* [TASK REQUIREMENTS] Leave out the pictures and restate exactly, and only, the lines from the one that contains "Macpac Merino 150" through the final line of the material below.

* [AVAILABLE DATA]
-------------------------
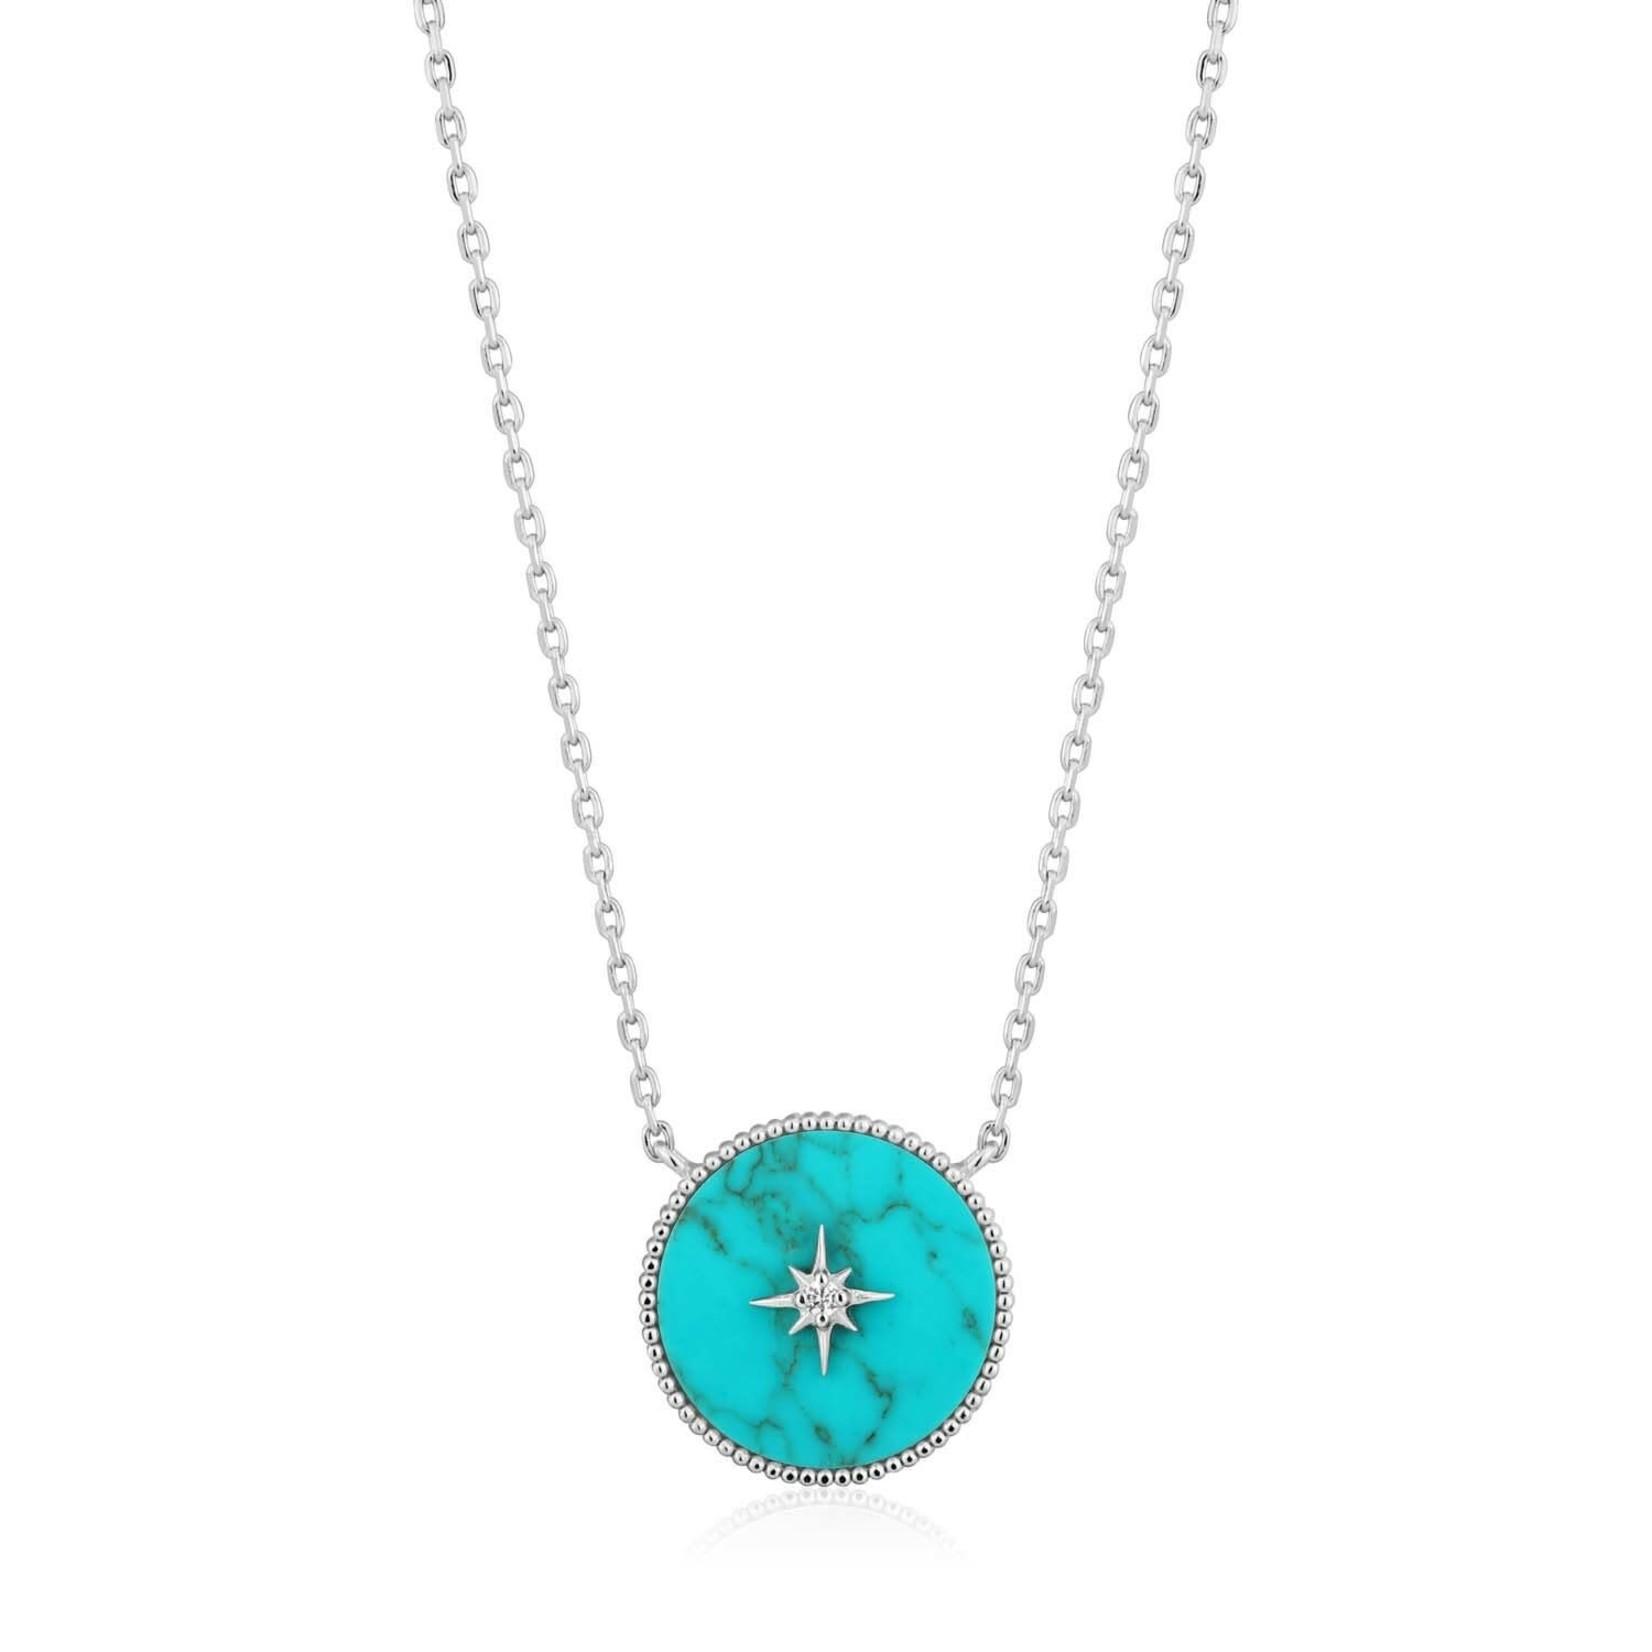 Ania Haie Turquoise Emblem Necklace
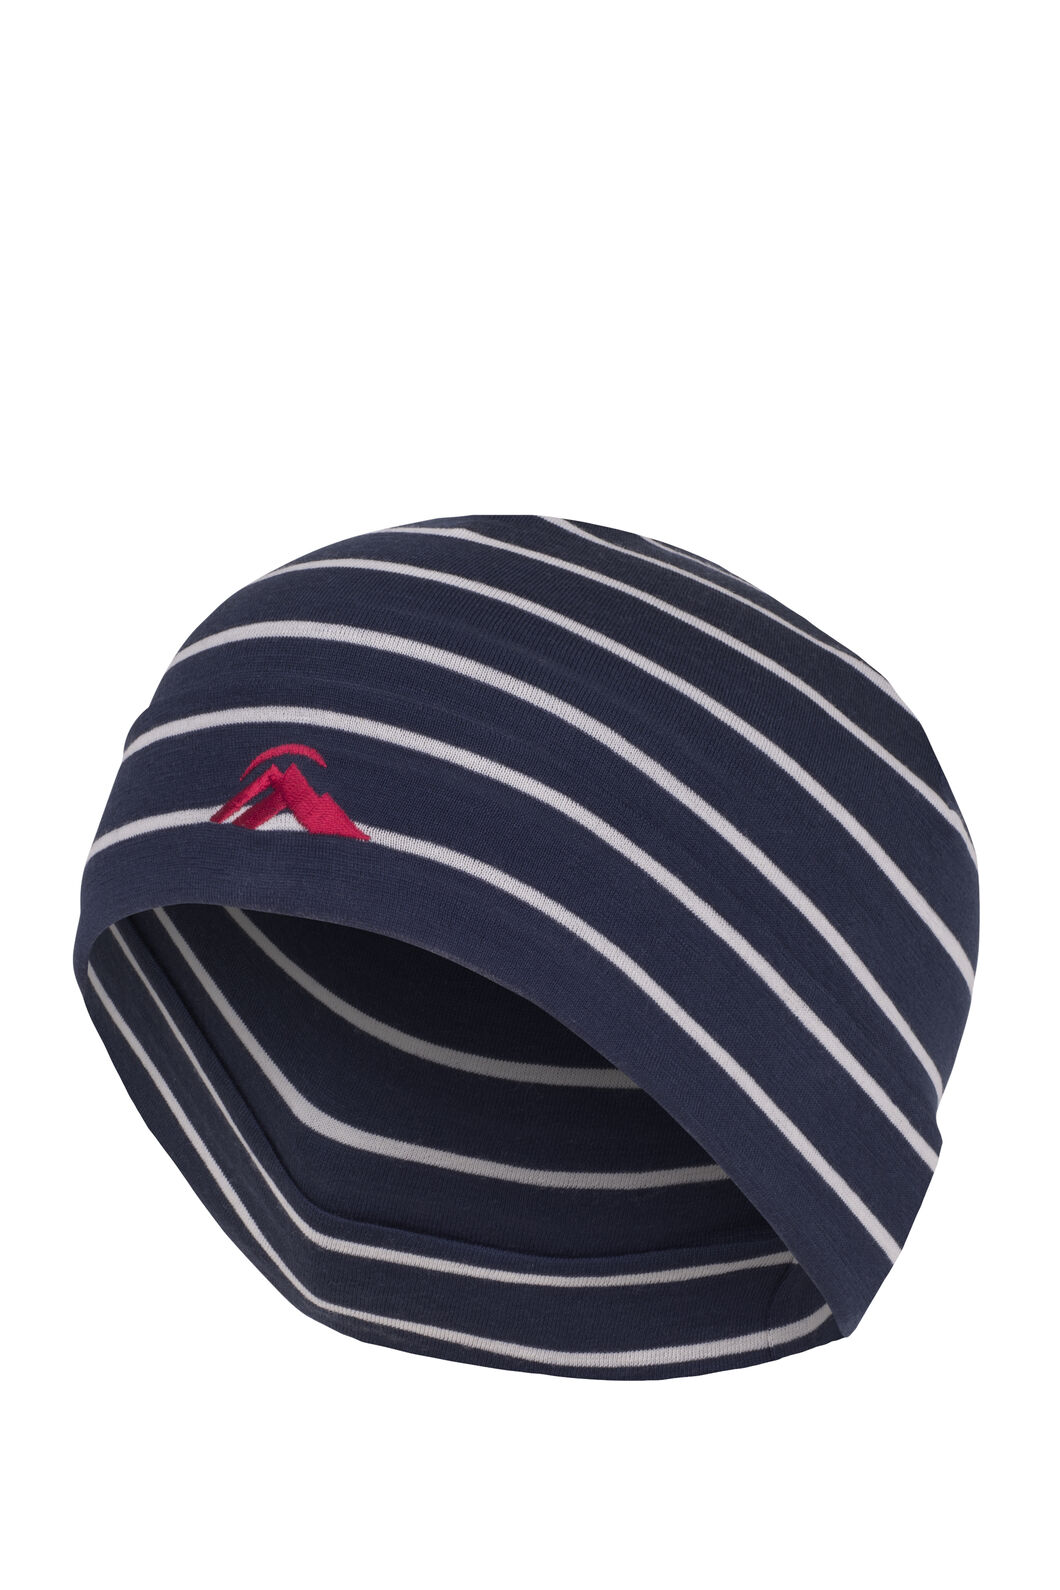 Macpac Merino 150 Beanie, Black Iris Stripe, hi-res
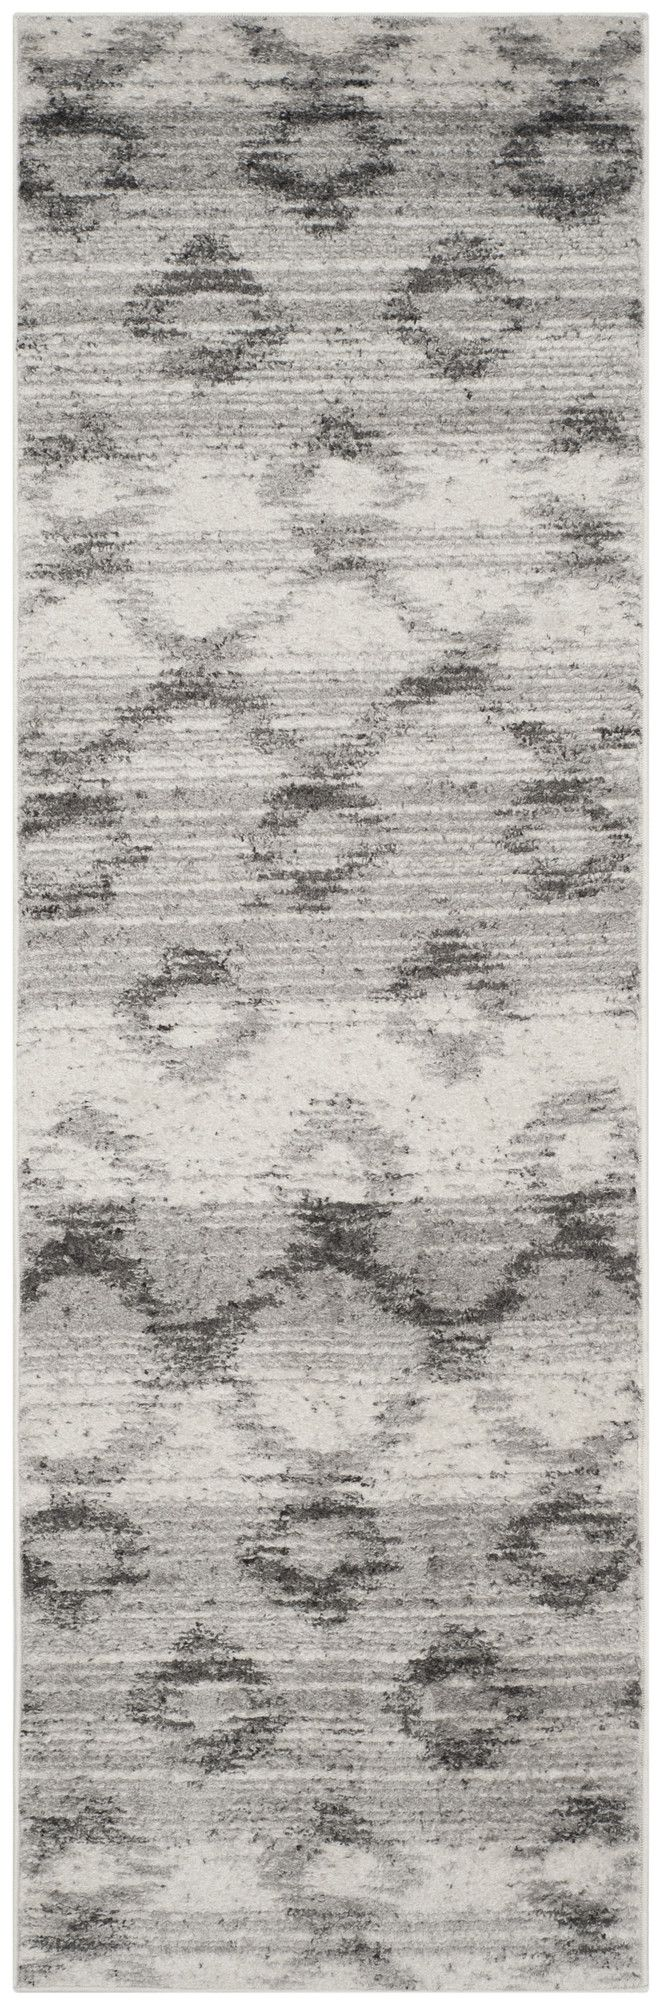 Costa Mesa Silver/Charcoal Area Rug
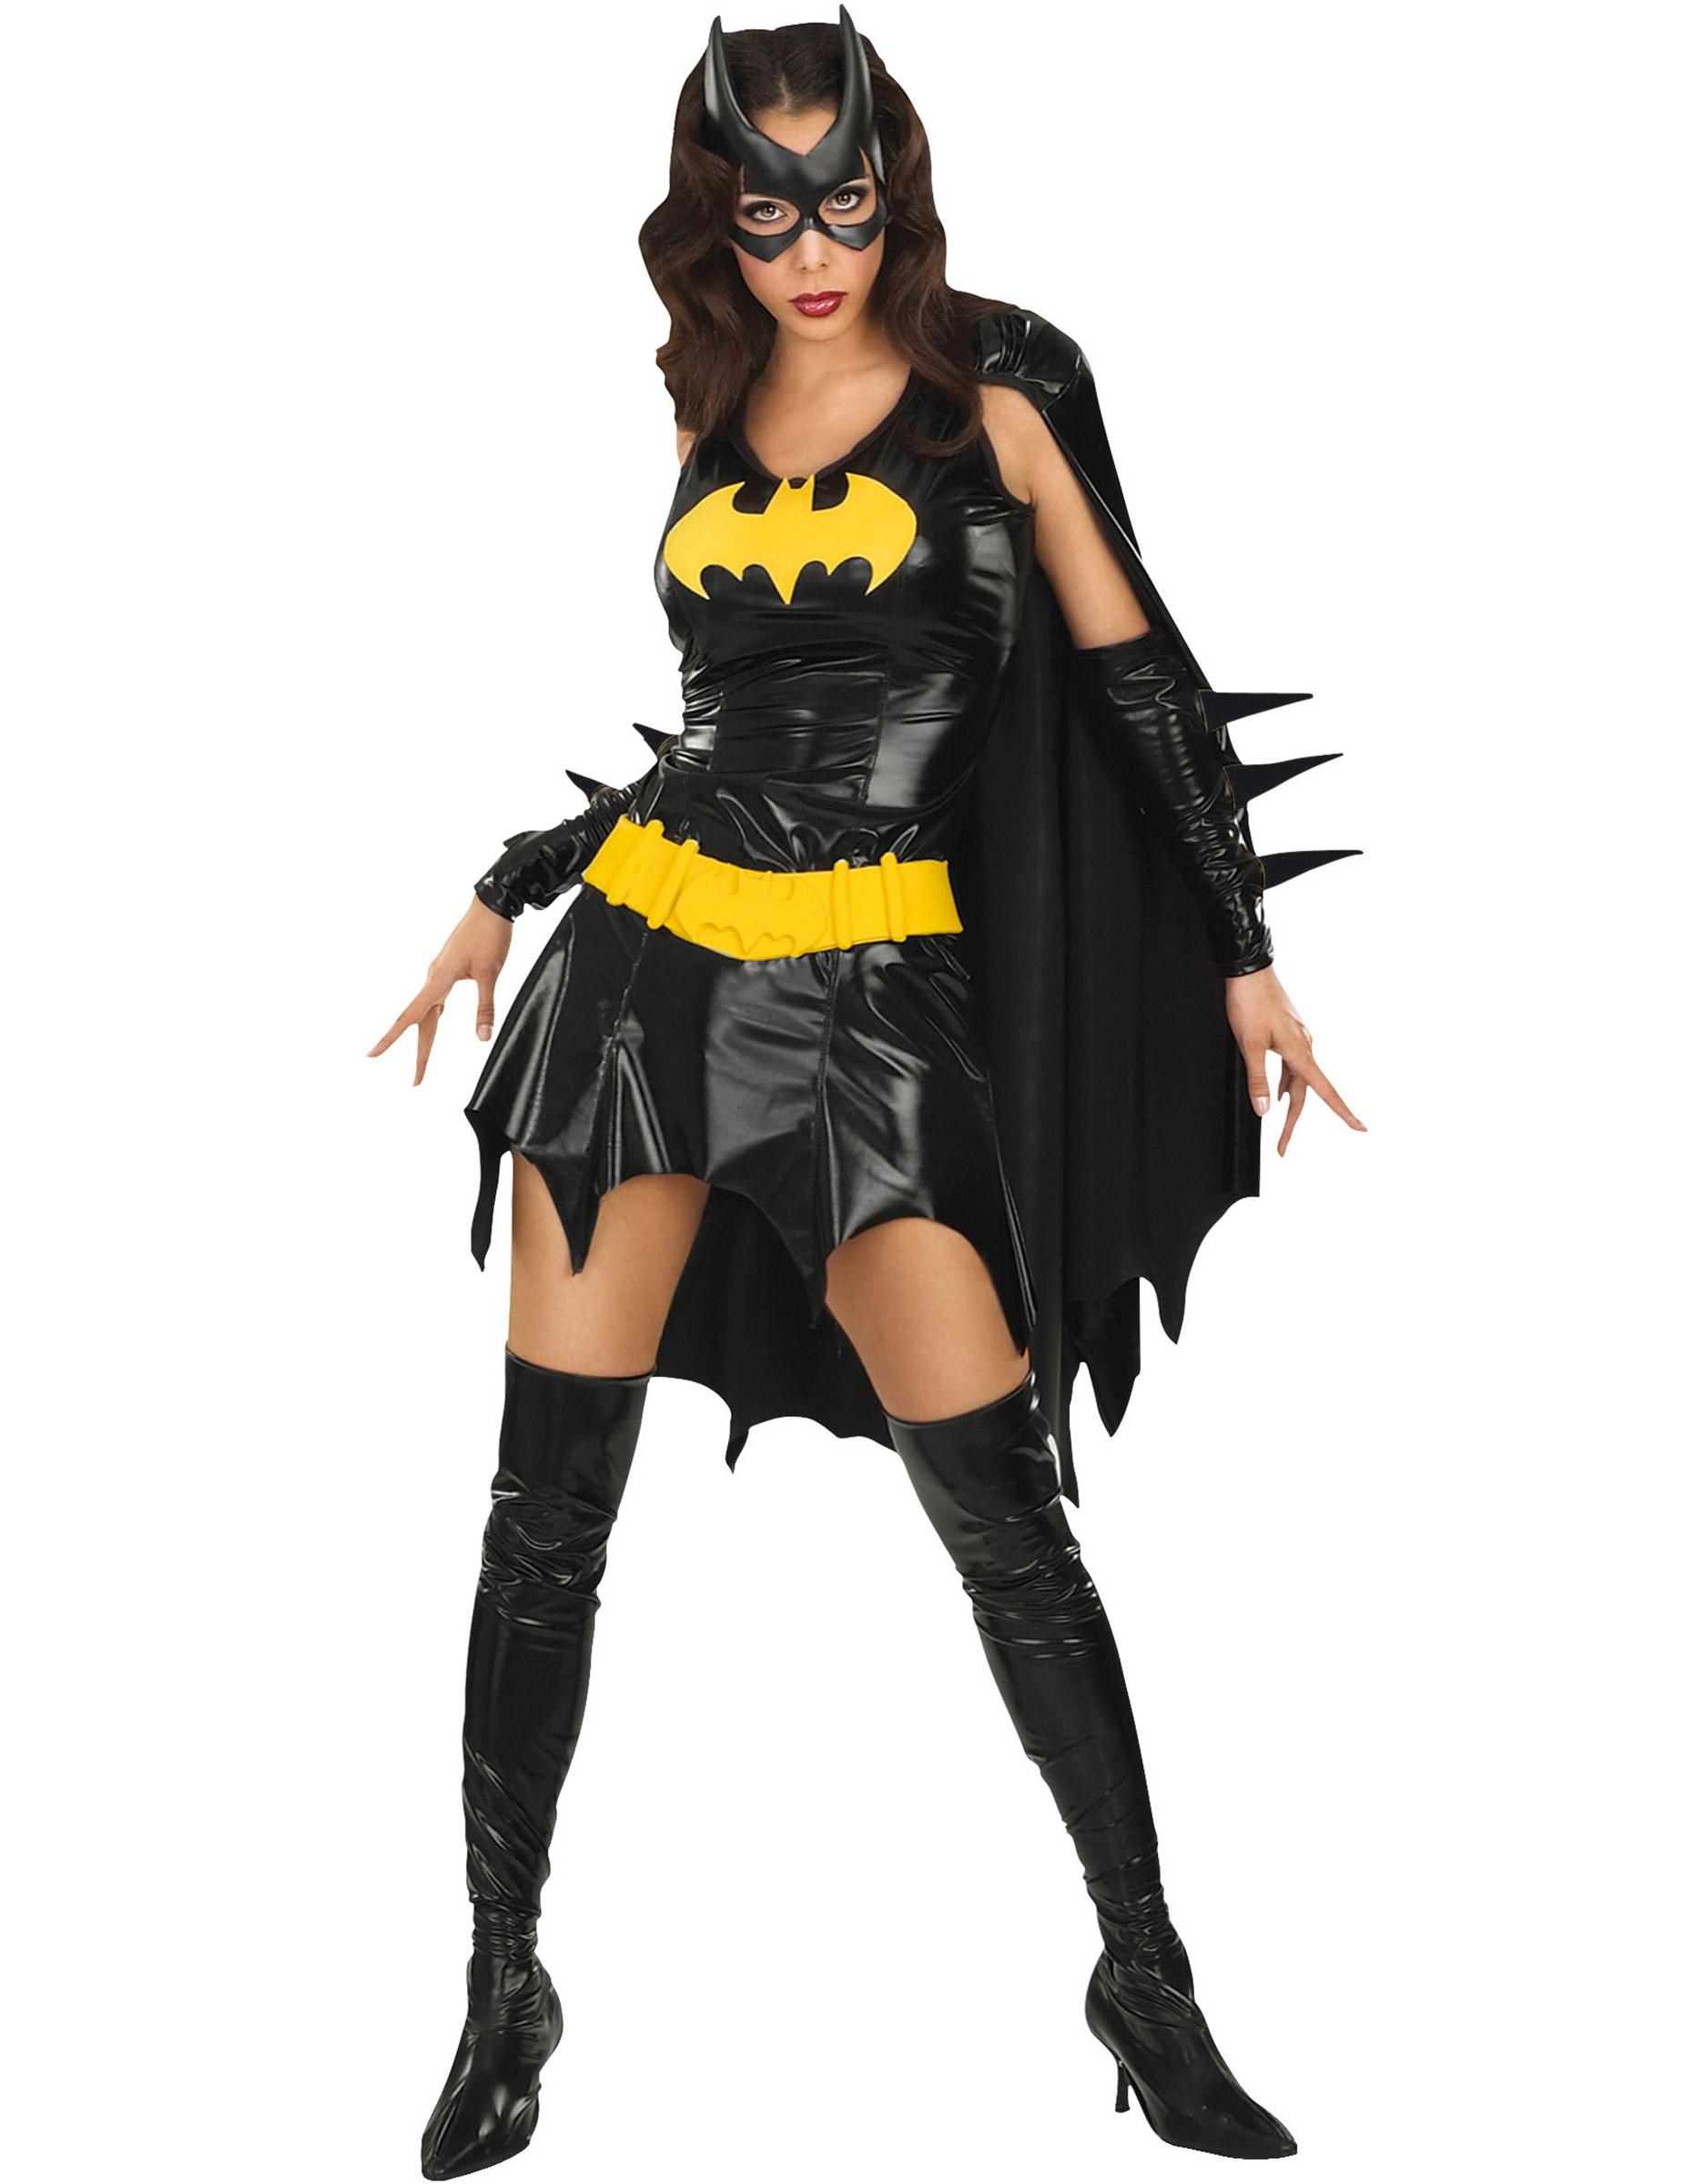 Superhelden Kostum Gunstige Kostume Superhelden Bei Vegaoo
-------------------------
* [ANSWER SECTION]
 Macpac Merino 150 Beanie, Black Iris Stripe, hi-res
 Costa Mesa Silver/Charcoal Area Rug
 Superhelden Kostum Gunstige Kostume Superhelden Bei Vegaoo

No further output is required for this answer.